Pomaganie pszczołom staje się modnePomaganie pszczołom staje się modne Fot. Pexels.com Fot. Pexels.com

- Pszczoły na szczęście stają się coraz bardziej modne - potwierdza Krawczyński. - Weterynaria zwierząt gospodarskich jest trochę na wymarciu, bo weterynarze migrują do miast, aby leczyć psy i koty, ale jest też druga grupa ludzi, którzy przenoszą się z miast do domów jednorodzinnych na przedmieściach i wsiach. A tam: ogródek, kwiatuszki, jakiś kolorowy ul - coraz częściej się z tym spotykam.

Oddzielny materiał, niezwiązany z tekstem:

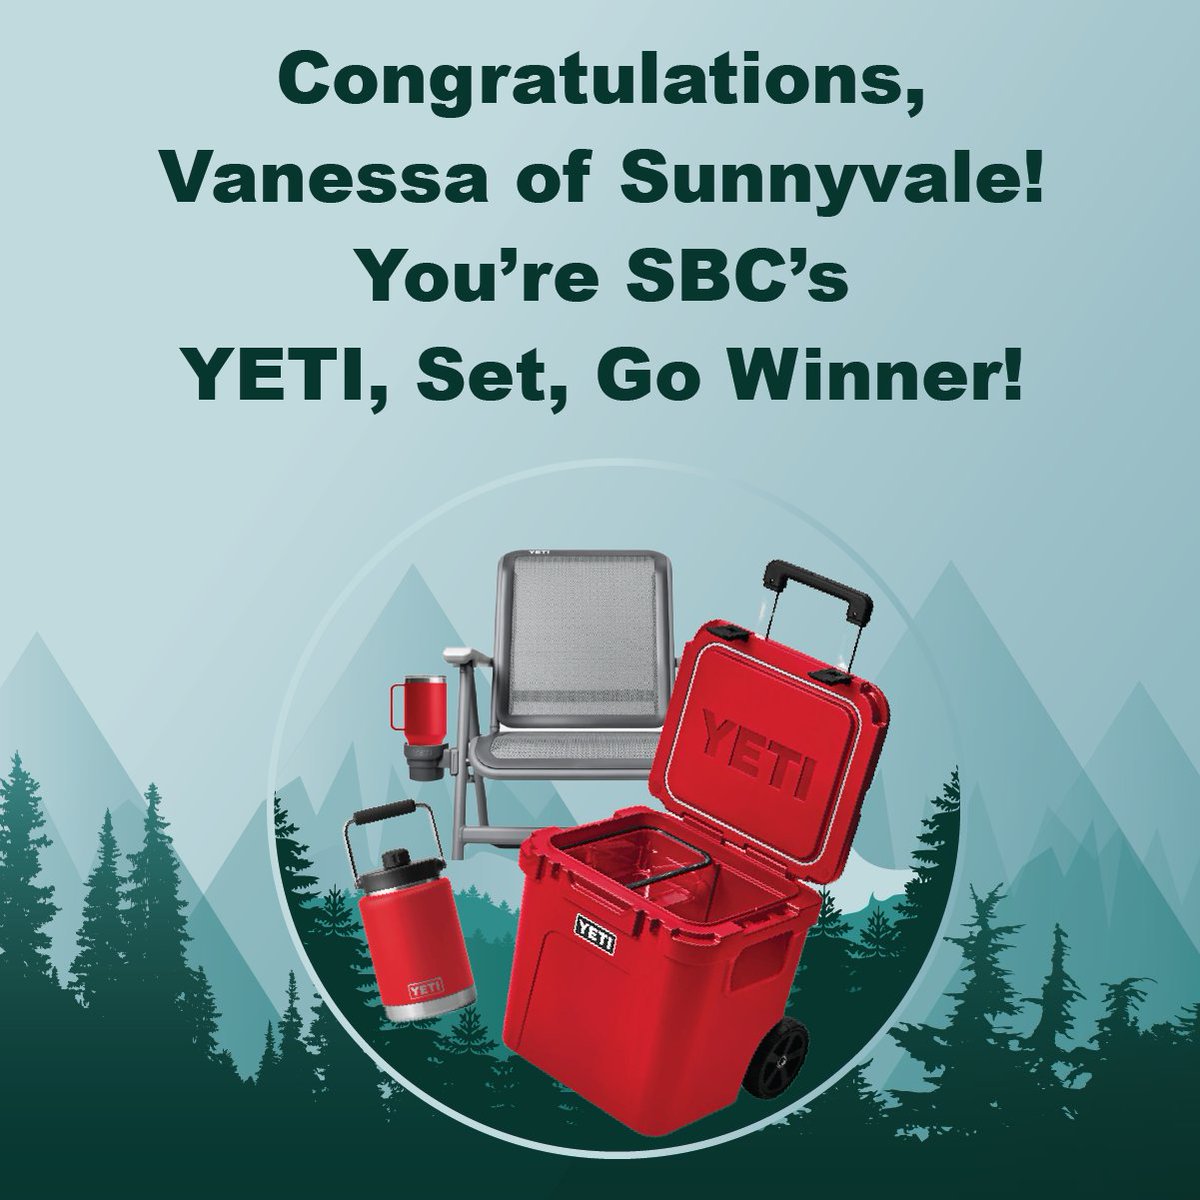 A big congratulations to Vanessa of Sunnyvale, the winner of our April campaign! ❤️

Kluczowe pozostaje jednak wykształcenie nowego pokolenia specjalistów i zbudowanie, właściwie od podstaw, całej struktury lecznictwa pszczelarskiego. - Kiedy po powrocie z Niemiec otwierałem tę przychodnię dla ptaków i pszczół, nie mogłem liczyć na niczyją pomoc. Sam musiałem wszelkie diagnostyki porobić, zagospodarować laboratorium. Zresztą część tych bardziej skomplikowanych badań do tej pory wysyłam na Wydział Medycyny Weterynaryjnej Uniwersytetu w Lipsku - załamuje ręce Krawczyński. - W Polsce nie ma nie literalnie nic, jesteśmy okropnie zacofani w stosunku do Europy Zachodniej, choć ostatnio rzeczywiście jakby coś drgnęło, można zaobserwować modę na pszczoły i u nas. Zatem jeśli dobrze pójdzie, to za 20-30 lat sytuacja wróci do normy.